My father was an only child but my mother has 9 brothers and sisters and many, many nieces, nephews and cousins. Since my father is a carrier, wouldn’t there be a great chance that some of her siblings would also be carriers or even have the disorder? What advice would you give my relatives?
A: Hemochromatosis is an inherited disorder in which too much iron builds up in the body. The human body absorbs approximately 10% of the iron from ingested foods. That figure is elevated to about 30% for individuals diagnosed with hemochromatosis. Over time, these individuals absorb and retain up to 20 times more iron than the body actually requires to function. Too much iron can cause the liver to enlarge or even fail, cirrhosis (scarring of the liver), cardiac arrhythmias, heart failure, and more.
The condition is either primary or secondary. The primary form is inherited and results from a defective gene that controls how much iron is absorbed from foods. If an individual inherits one hemochromatosis gene from each parent, he or she is at increased risk for iron overload. Those who inherit a defective gene from only one parent are carriers but usually do not develop the condition themselves, even though they may be found to have higher than average iron absorption. This is one of the most common genetic disorders known in our country but only about 50% of those with the disorder has signs or symptoms of the disease. The secondary form is commonly the result of yet another disorder such as anemia, alcoholism and others.
The most common denominator in iron overload patients is joint pain, followed by fatigue, abdominal pain, cardiac issues and a loss of sex drive; yet surprisingly, some people have no symptoms when first diagnosed. When detection and treatment are not begun early on, arthritis, heart abnormalities, thyroid deficiency, early menopause, impotence and organ problems can result. Alcohol is known to worsen liver damage and cirrhosis caused by hemochromatosis. The ingestion of high vitamin C drinks and supplements can worsen the condition because C helps the body absorb iron from foods consumed.

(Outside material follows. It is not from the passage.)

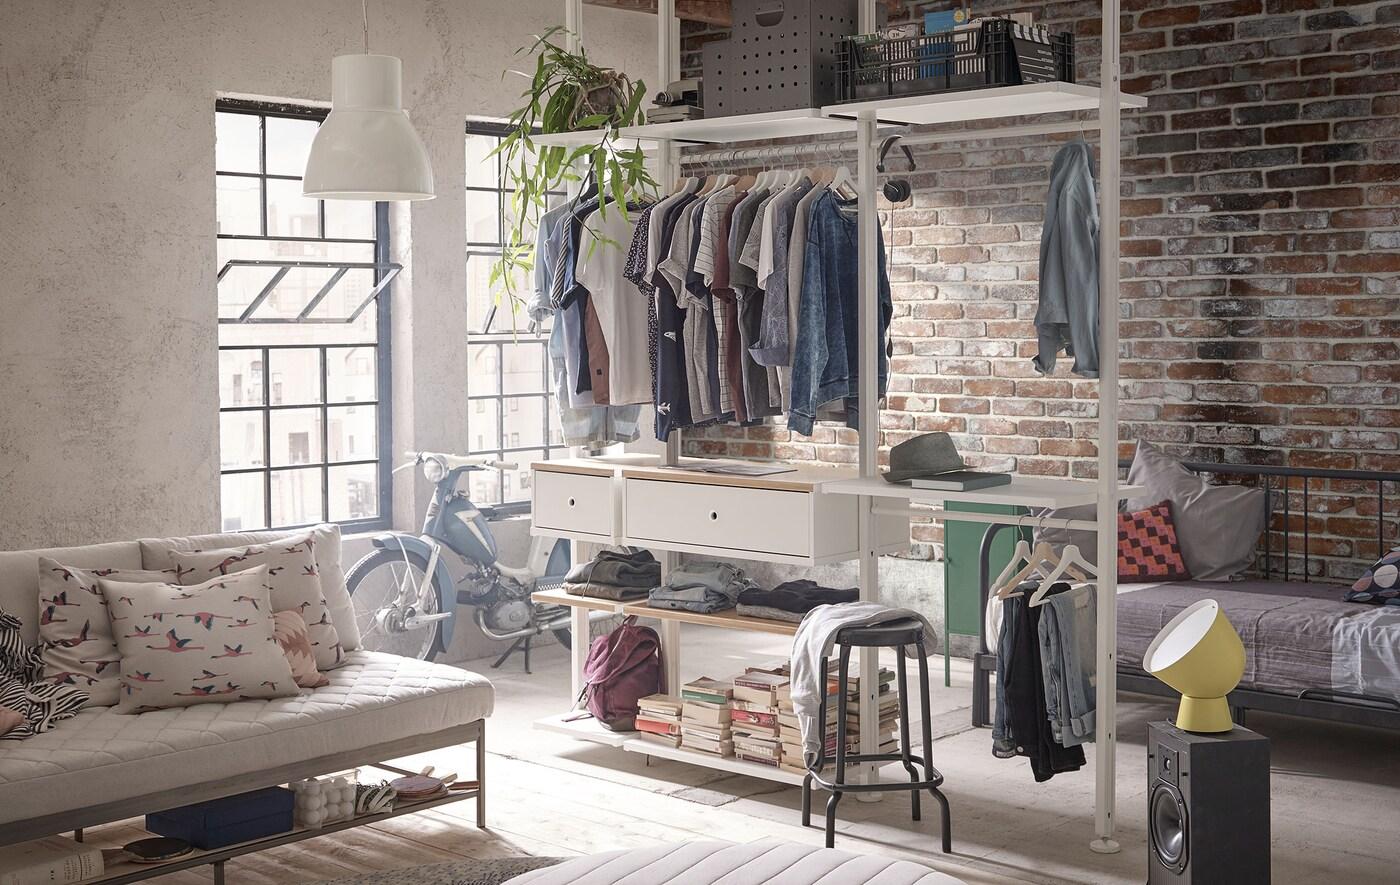 Lien vers le blogue d'IDÉES 'Faites de votre nouvelle maison un foyer' - image d'un rangement modulaire ELVARLI.

Diagnosis can be made by laboratory testing but doctors might not initially consider hemochromatosis or test for it because symptoms can be vague and attributed to countless other conditions. For example, complaints of arthritis or a thyroid deficiency might lead to specific testing for those conditions, not hemochromatosis.

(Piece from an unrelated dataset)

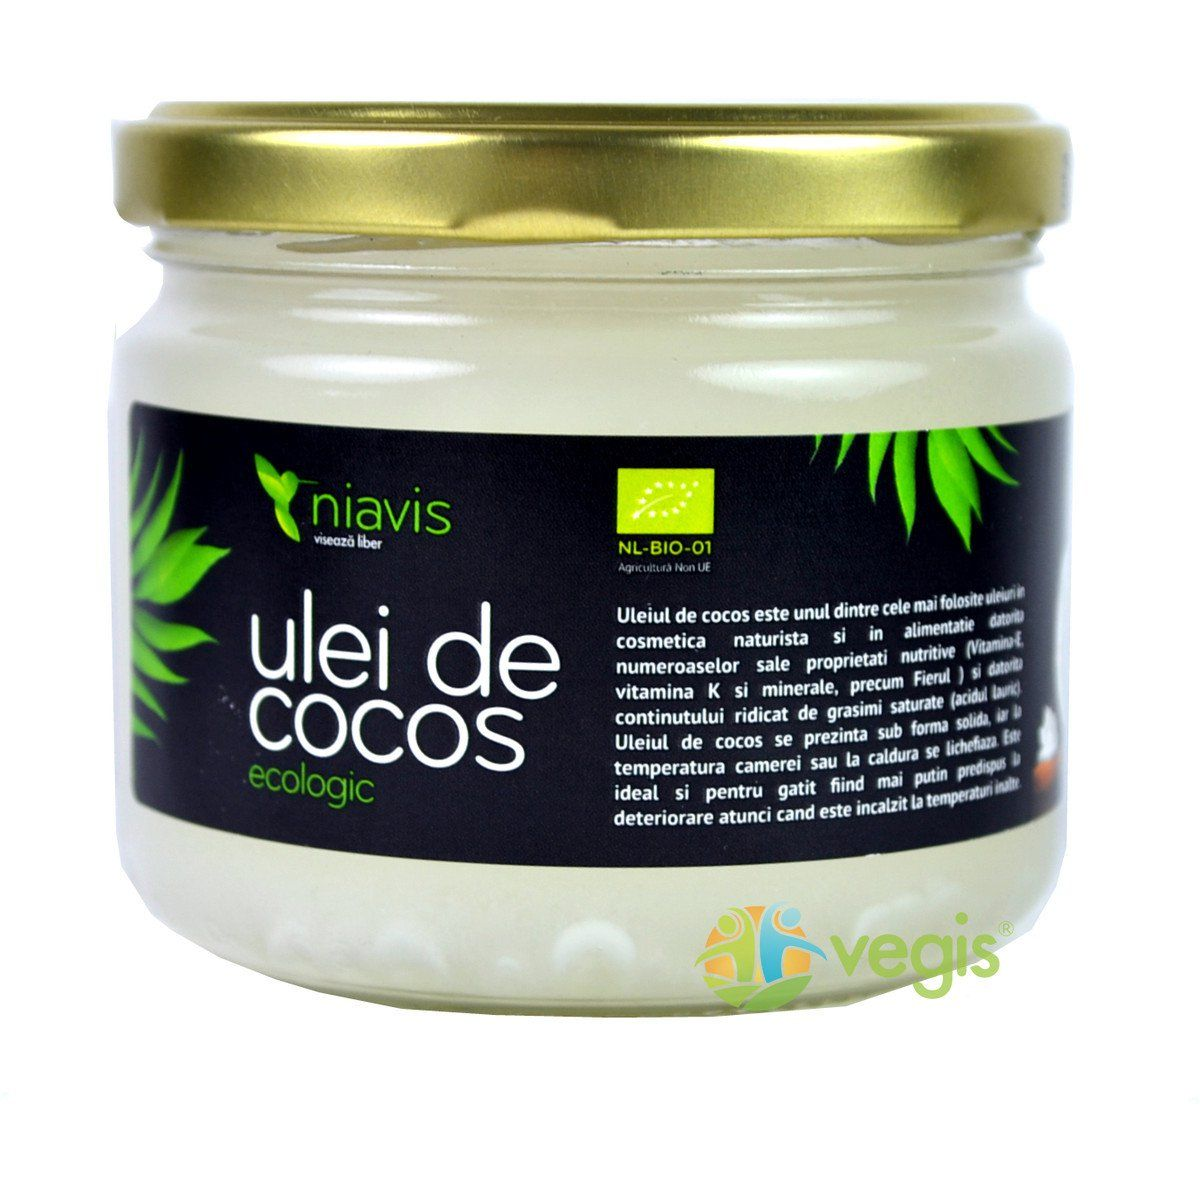 Ulei de cocos in cosmetica

Treatment is accomplished by ridding the body of excess iron through phlebotomy – removal of blood. Depending on the severity of overload, a pint of blood may be taken once or twice each week for up to about a year. Lab testing will be performed periodically. Once iron levels return to within normal range, phlebotomy may be performed every two to four months for life, the length of time determined by a hepatologist or hematologist. If treatment begins prior to organ damage, associated conditions can be prevented. The outlook depends on the degree of damage found once a person enters the medical system.
To answer your questions regarding relatives, siblings of those diagnosed with hemachromatosis should have their blood tested to determine if they are carriers or have the disease, while children, parents, and other close relatives should consider being tested.